The complete listing goes into the output exactly, without its pictures.

--- SOURCE DATA Enclosed Below ---

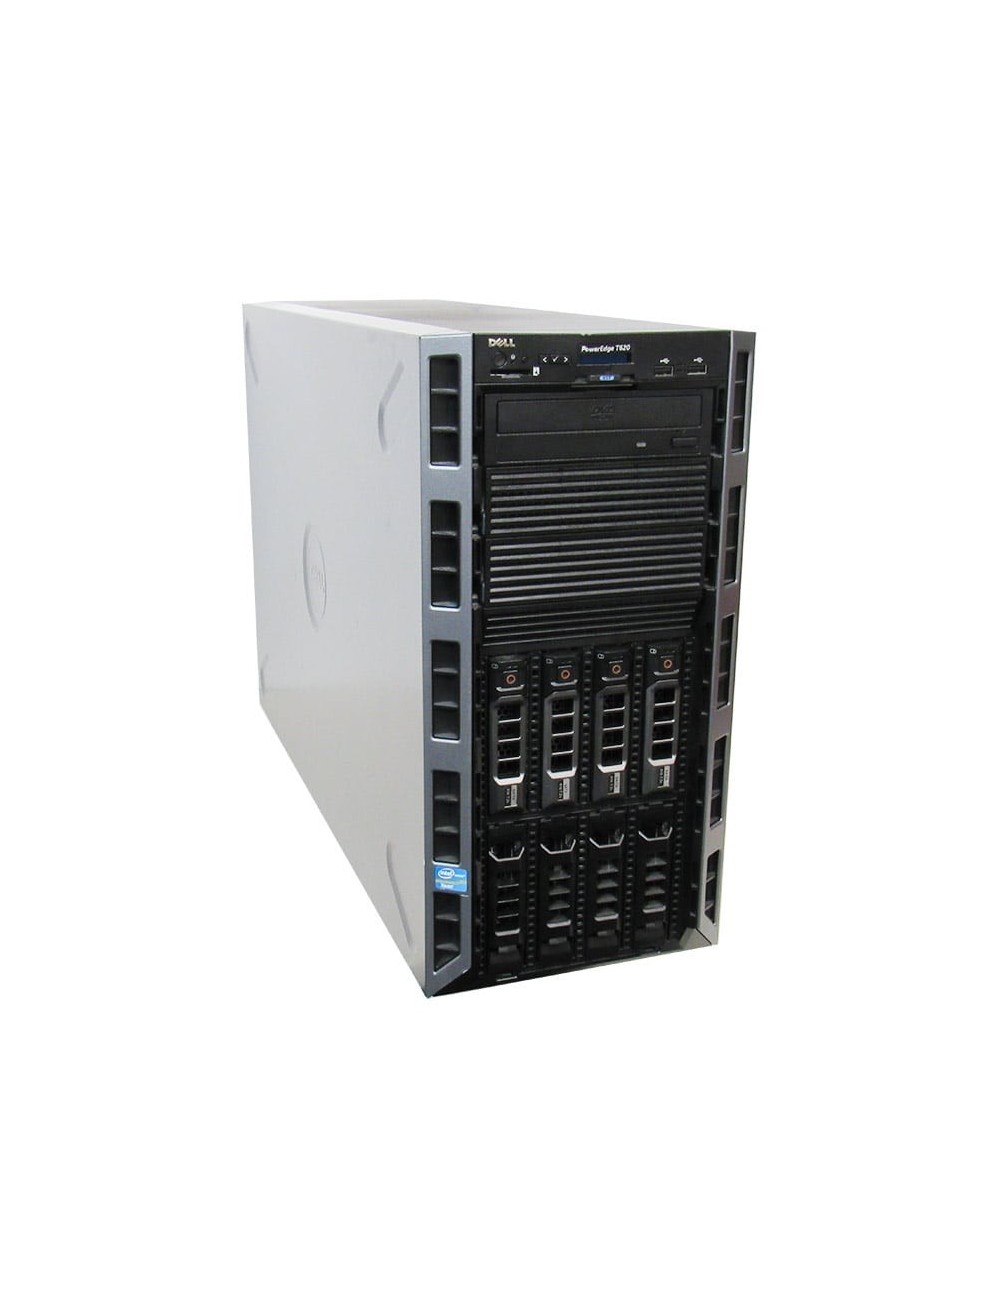 Dell PowerEdge T620 8x LFF, 2x E5-2640 v2 8C, 64GB RAM, PERC H710p 1GB, 3x 8TB 3,5" 7,2k SAS HDD, 2x 750 W PSU
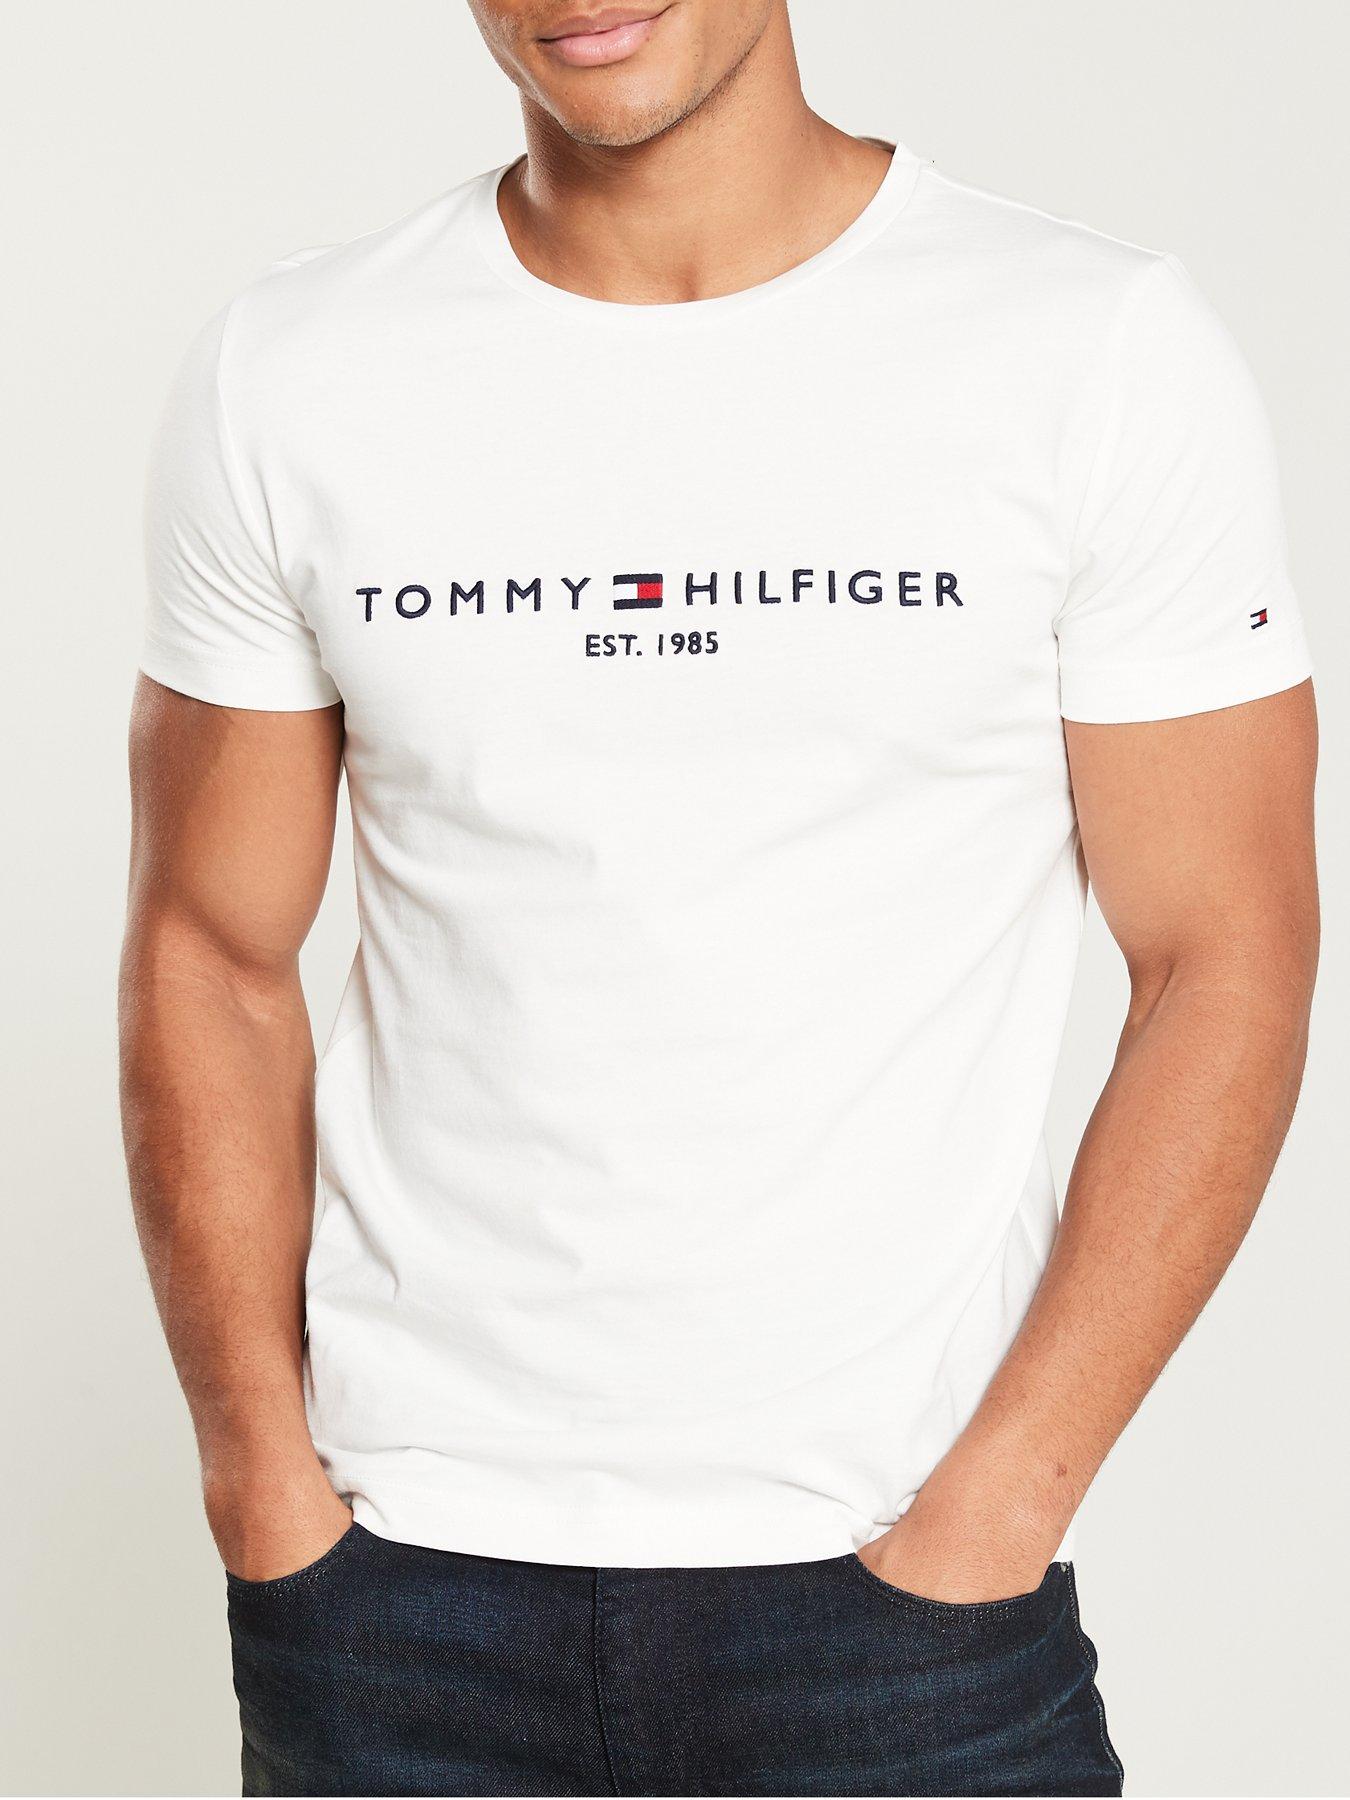 tommy logo shirt
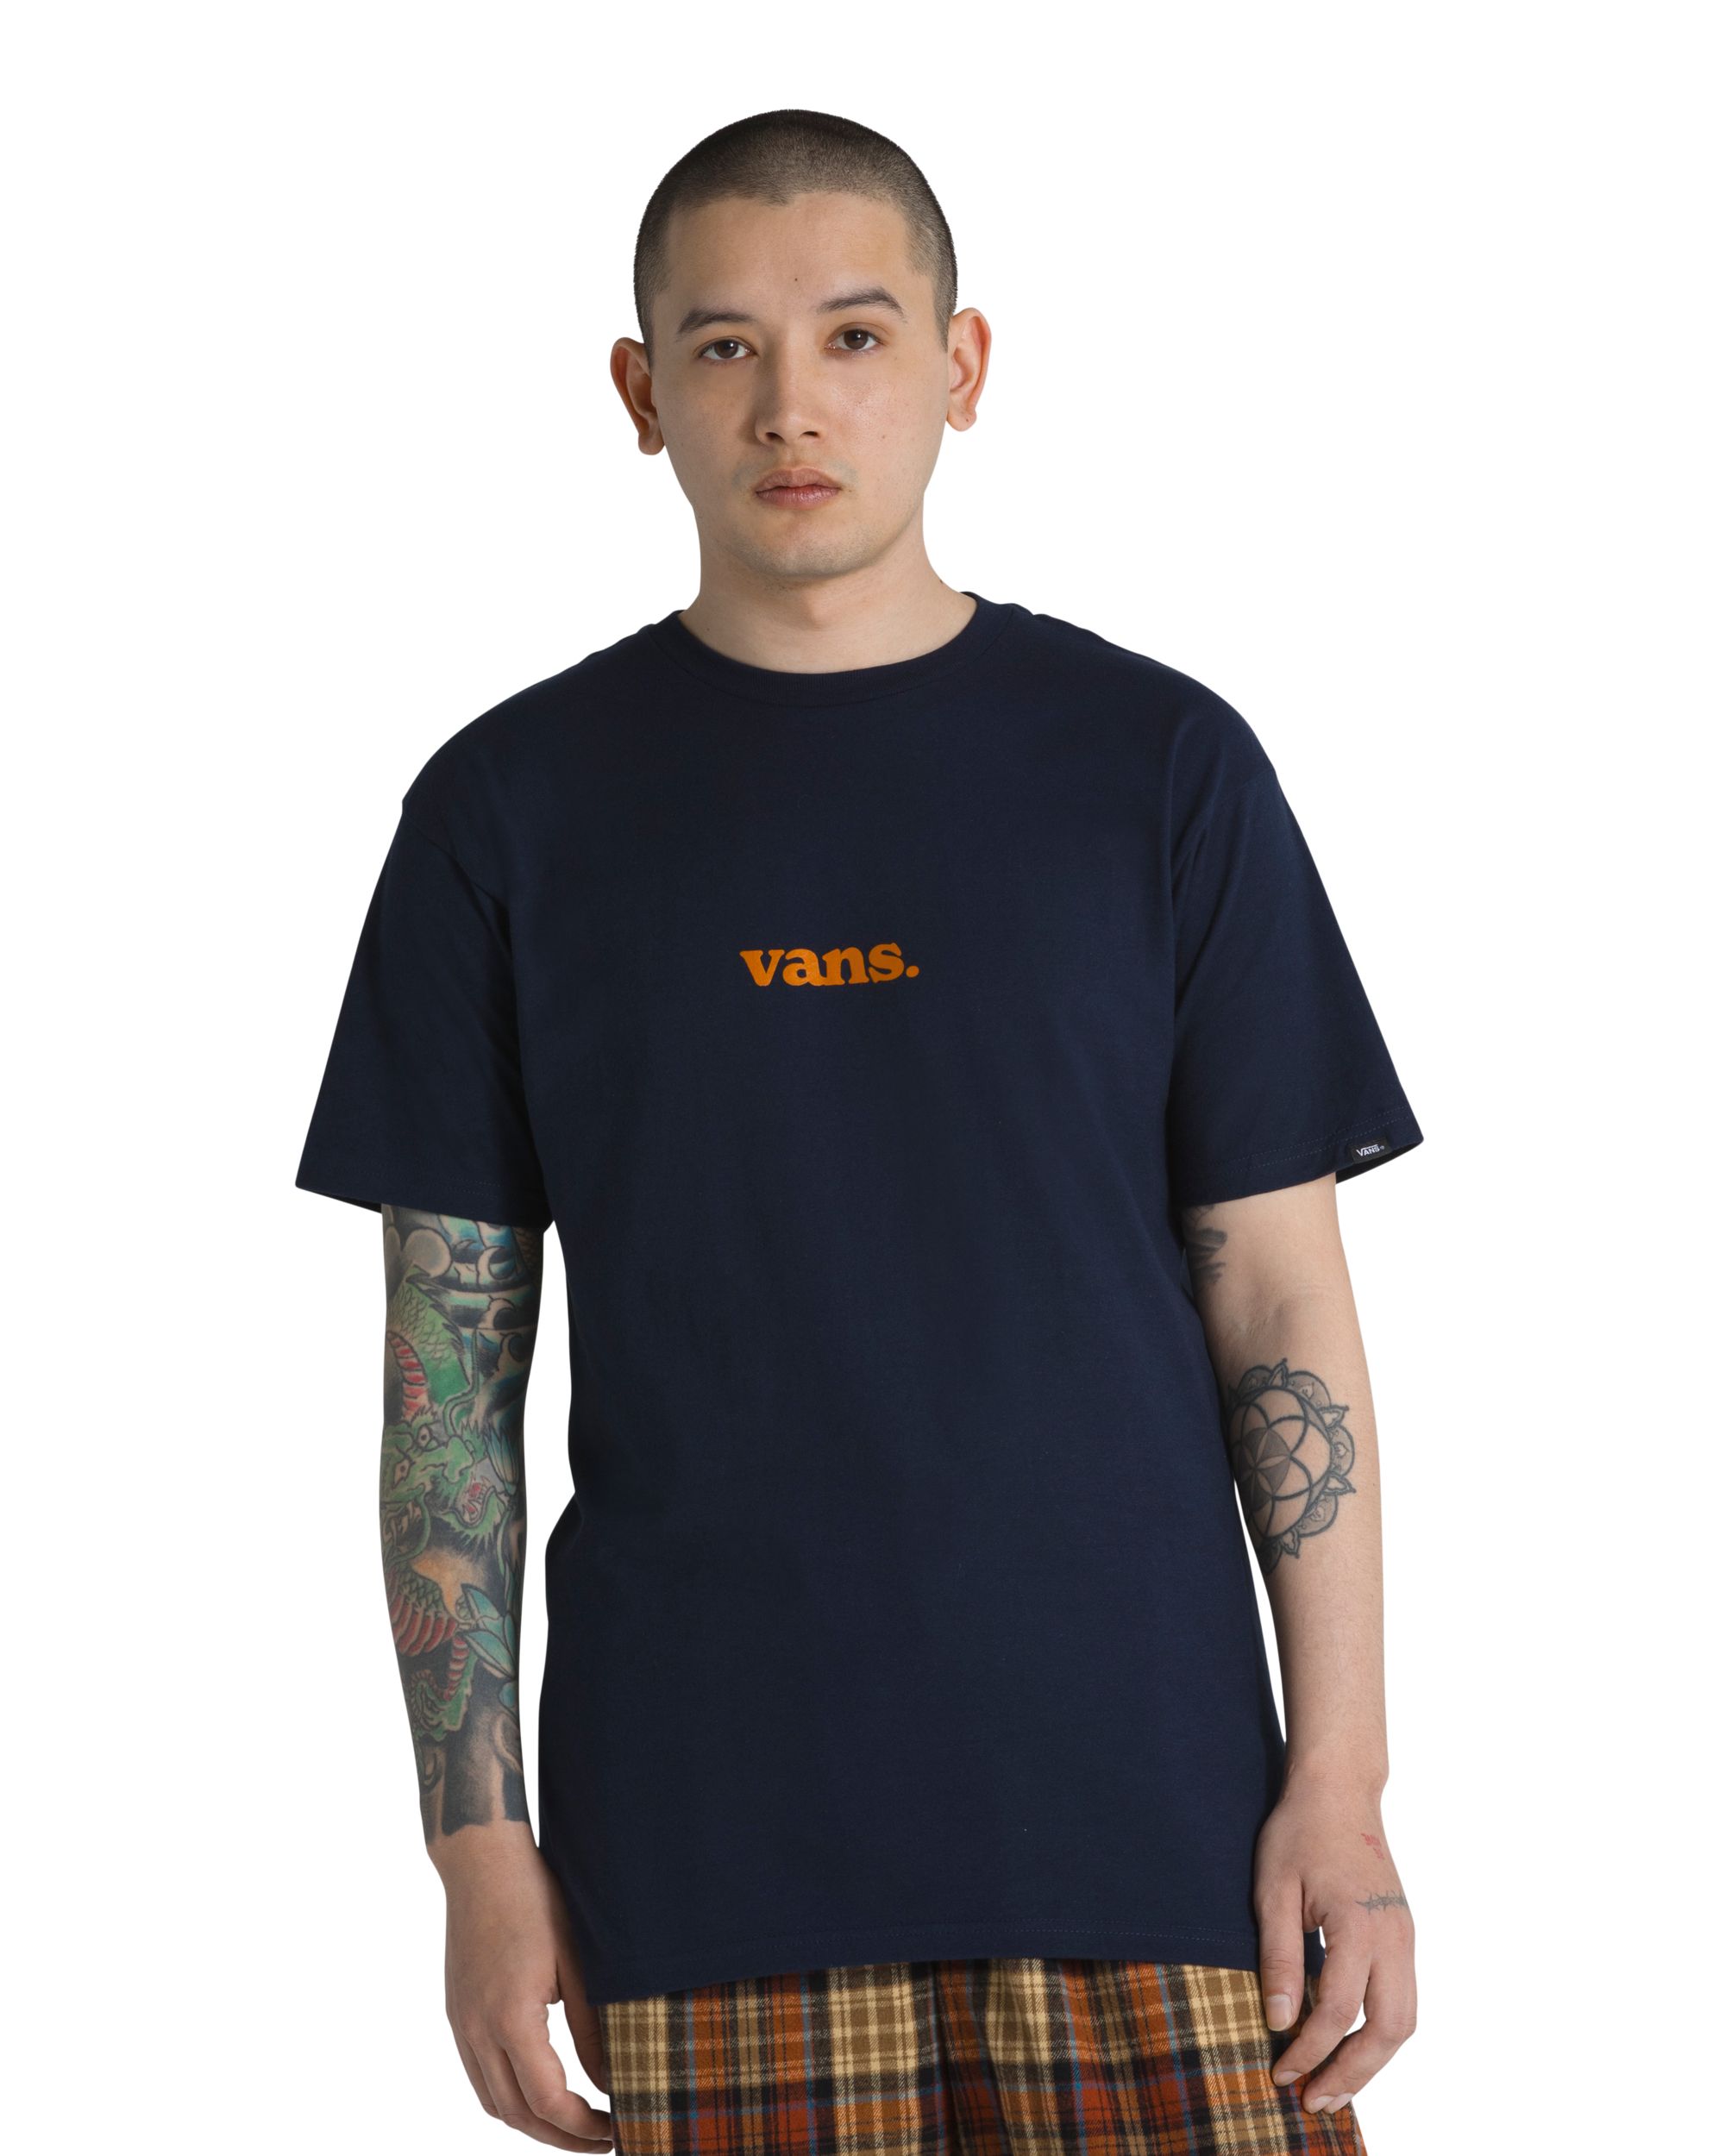 Image of Vans Men's New Lowercase Branded Type T Shirt

--- End of Enclosed SOURCE DATA ---

RESULT BELOW:
 Dell PowerEdge T620 8x LFF, 2x E5-2640 v2 8C, 64GB RAM, PERC H710p 1GB, 3x 8TB 3,5" 7,2k SAS HDD, 2x 750 W PSU
 tommy logo shirt
 Image of Vans Men's New Lowercase Branded Type T Shirt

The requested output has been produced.